Realidades velhinhas

|Hélio Bernardo Lopes|
O estado a que chegaram Portugal e os portugueses está a permitir perceber muitos dos embustes que foram sendo vendidos ao longo de muitas décadas, já mesmo de antes de Abril. 

Um desses embustes foi o que resultaria do fim da Direção-Geral de Segurança, e outro o da democracia, sistema político onde todos seriam iguais em direitos. Hoje, percebe-se que se tratou de duas tretas. Analisemo-las.

Quanto ao fim da Direção-Geral de Segurança, pois, foi excelente. Infelizmente, tal realidade durou muito pouco tempo. De facto, embora com adaptações, as coisas voltaram a estádios do mesmo tipo, ou mesmo piores. Basta recordar o caso das escutas telefónicas aos milhares, para mais feitas por entidades policiais as mais diversas, mas também a prática da tortura, que já começou a ser assumida nas ditas democracias de referência. O que era mau naquele Portugal da II República está agora a ser reconhecido e praticado nas designadas democracias avançadas.

Por ser esta a realidade, sempre achei graça à reação de António Filipe em face da recusa do PSD e do CDS/PP de esclarecerem o valor das denúncias de escutas ilegais por parte dos serviços secretos, admitindo que há prova documental indiciando este tipo de práticas inconstitucionais e do foro criminal.

Eu até compreendo a luta política, aproveitando todo o peixe que venha à rede, mas a verdade é que toda a gente sabe (e em todo o mundo!) que as comunidades oficiais de informações têm de praticar ilegalidades as mais diversas. Ilegalidades que terão sempre de ser mais sofisticadas se se viver nas ditas democracias, ou, mais pomposamente, nos designados Estados Democráticos de Direito. Mas, enfim, nada como aproveitar cada peixinho que surja na rede.

Já sobre a democracia é fácil perceber como o sonho se sobrepôs à realidade. Com um mínimo de conhecimento histórico e de poder de conjetura, seria sempre simples perceber que tal mecanismo, variando de país para país, só por acaso seria representativo da vontade de francas maiorias de cidadãos.
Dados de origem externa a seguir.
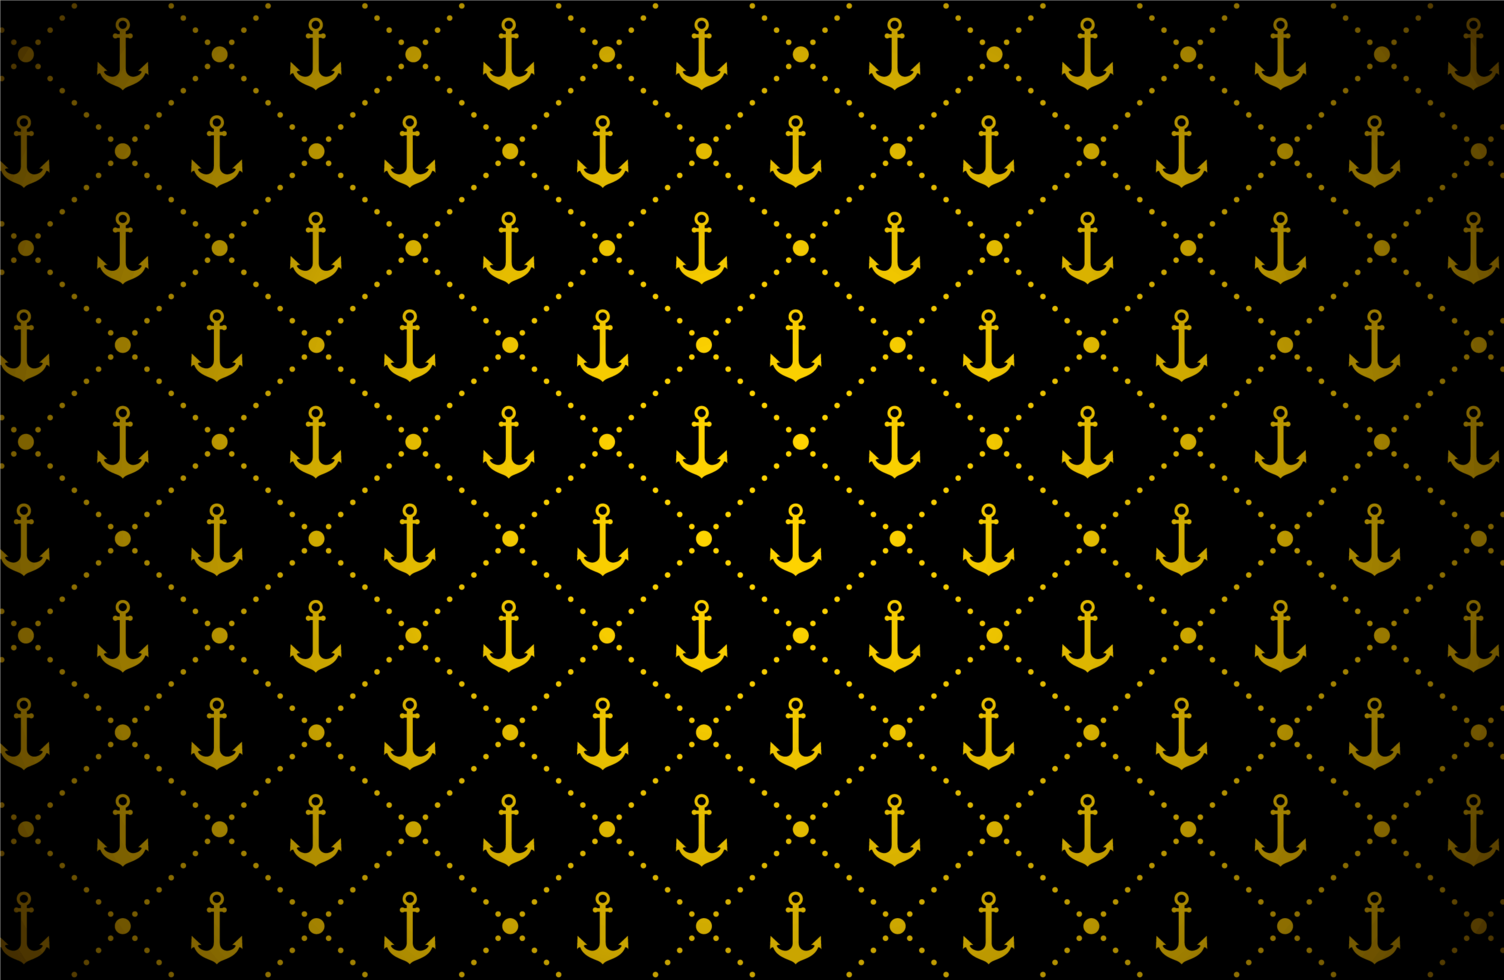 patrón de ancla dorada sobre negro vector

Vem este tema a propósito das recentes palavras de Helena Roseta ao Diário de Notícias, onde criticou o sistema de financiamento das campanhas dos candidatos aos lugares mais diversos, salientando existir uma desigualdade fatal entre os independentes e os candidatos dos partidos. E interrogava-se: querem que na política só estejam os ricos e os corruptos, porque é para onde caminhamos? E, de facto, salazarista ela não é nem foi nunca, mas a verdade é que Salazar, por outras palavras, referiu toda esta realidade no seu discurso do Porto, em Janeiro de 1957.

Colocando de lado uma corrida sua a Belém, lá foi referindo sentir-se bem na política como independente, mas apontando que os partidos estão muito condicionados e por isso deixaram de ser espaços de liberdade. Bom, caro leitor é essencial ler o tal discurso do Porto, em janeiro de 1957. Mas disse mesmo mais: não sente saudades de pertencer a um partido político. Isto, caro leitor, vem de uma lutadora pela existência de partidos políticos no tempo em que o poder dizia destes o que agora quase todos já repetem.

E então remata com esta máxima: não vai candidatar-se, porque não tem dinheiro. Simplesmente fantástico! Fantástico, porque parece que Helena Roseta terá pensado que as coisas, em democracia, não seriam assim. Se todos são iguais em direitos, terão de sê-lo também no de poderem concorrer a eleições democráticas. Enfim, duas realidades bem velhinhas, mas sobre que ainda é possível surgirem espasmos de estranheza e de espanto.